Temporary files are opened with O_READ | O_WRITE | S_DENY_READ | S_DENY_WRITE. This means your application can do anything you want to them and no other application can touch them.
pFile | The true name of the temporary file created. |
lNum | The file will be set to this length. |
Return: | –1 on an error. The file handle if successful. |
unsigned TrueName (BYTE *pFile, BYTE *pTrue);
Returns the true, full canonical file name for a filename passed in. The name passed in doesn’t have to exist but it must be creatable. The name can also be just a directory, instead of both a directory and a filename (that is, you can pass in C:\).

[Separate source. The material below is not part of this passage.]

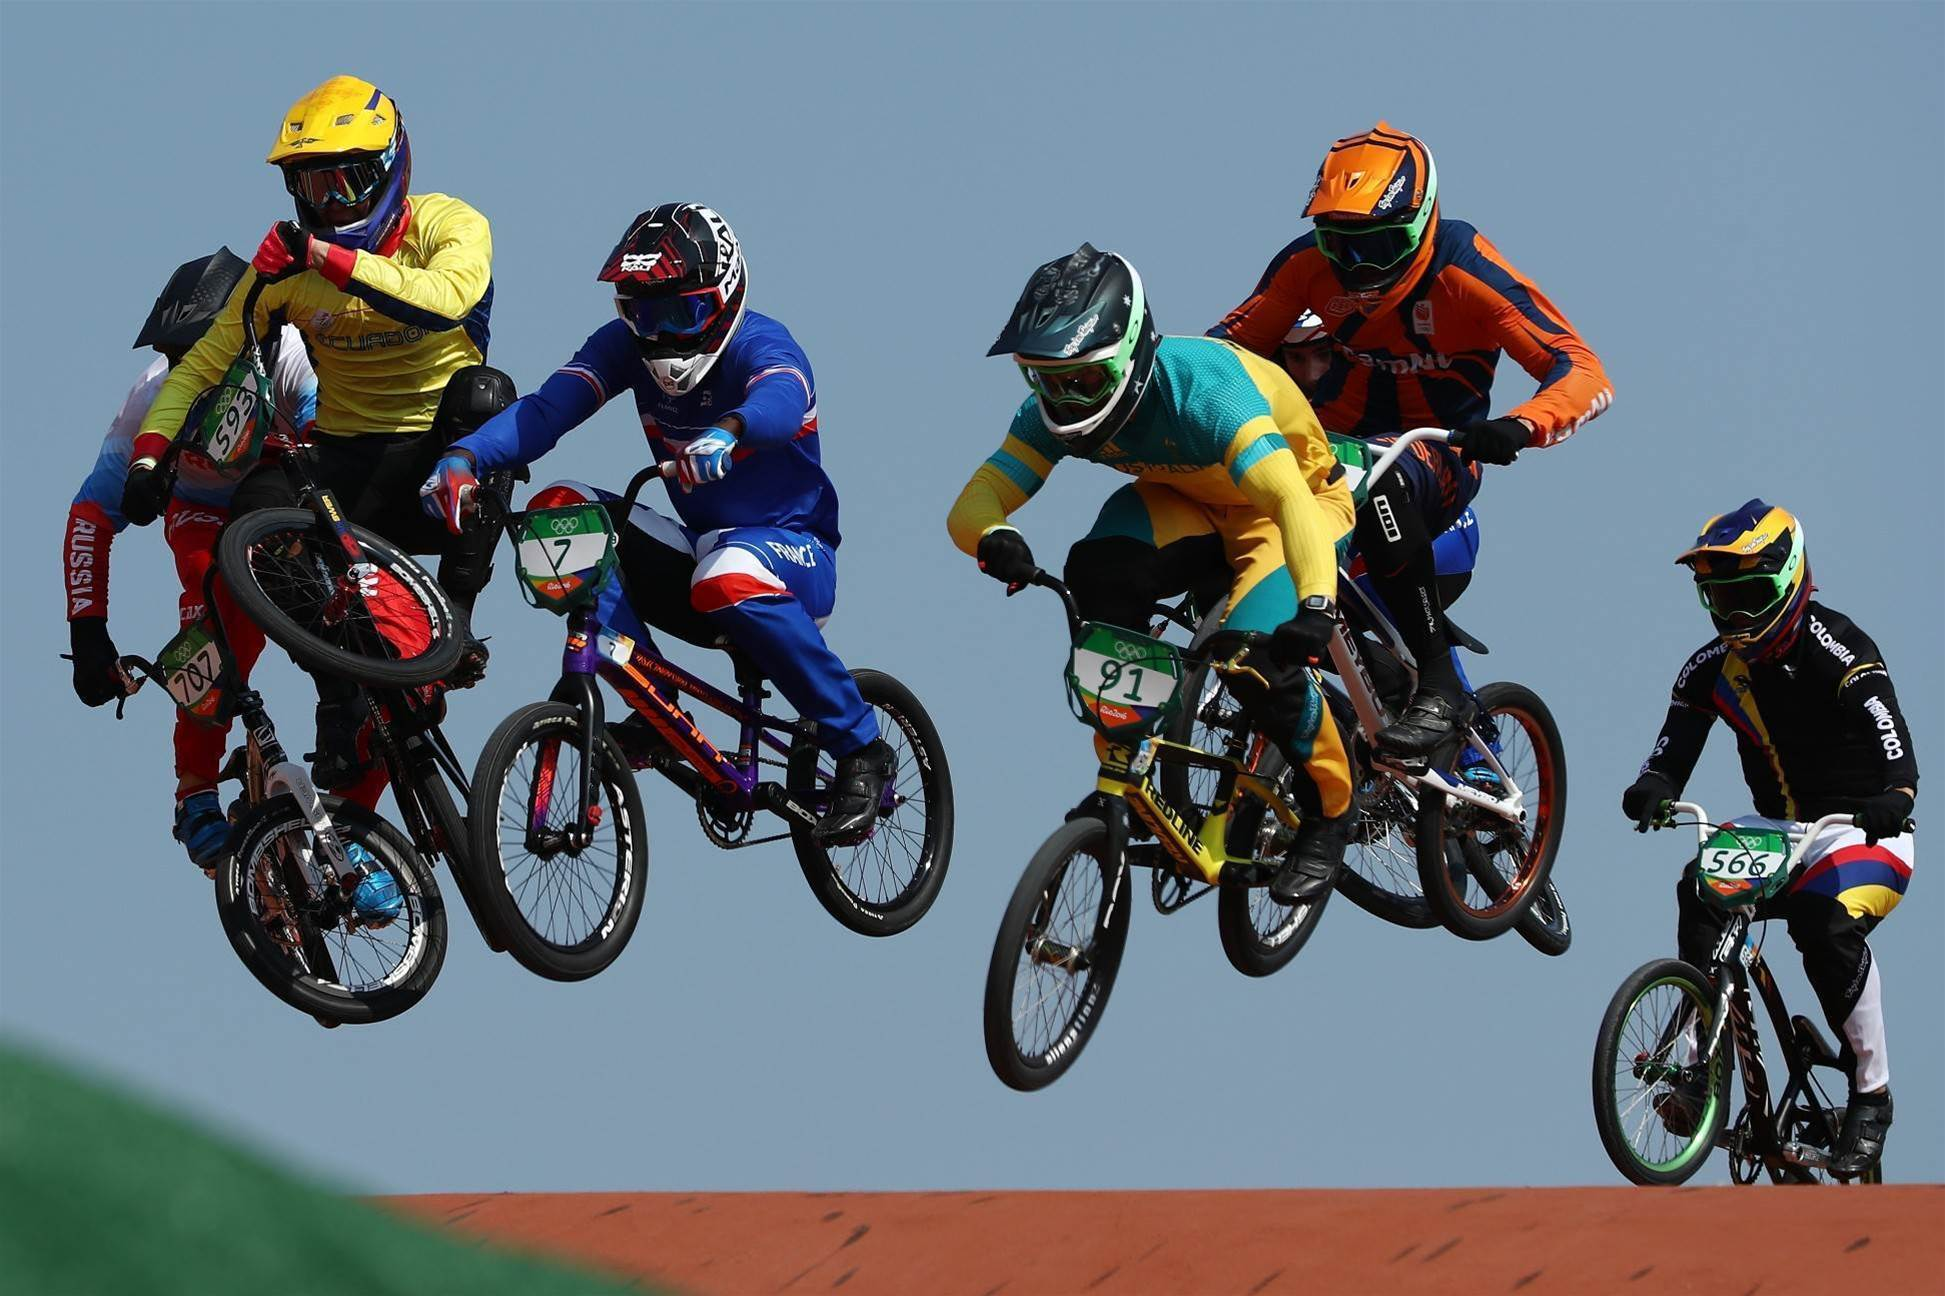 Pic special: BMX thrills

pFile | The name to convert. |
pTrue | The true filename (should point to at least 128 bytes). |
Return: | 0 if OK. MS-DOS error number if an error (usually an illegal name in pFile). |
1For ease of reading, “MS-DOS” refers to the Microsoft MS-DOS operating system. “MS-DOS” refers only to this Microsoft product.
2For ease of reading, “Windows” refers to the Microsoft Windows operating system. “Windows” refers only to this Microsoft product.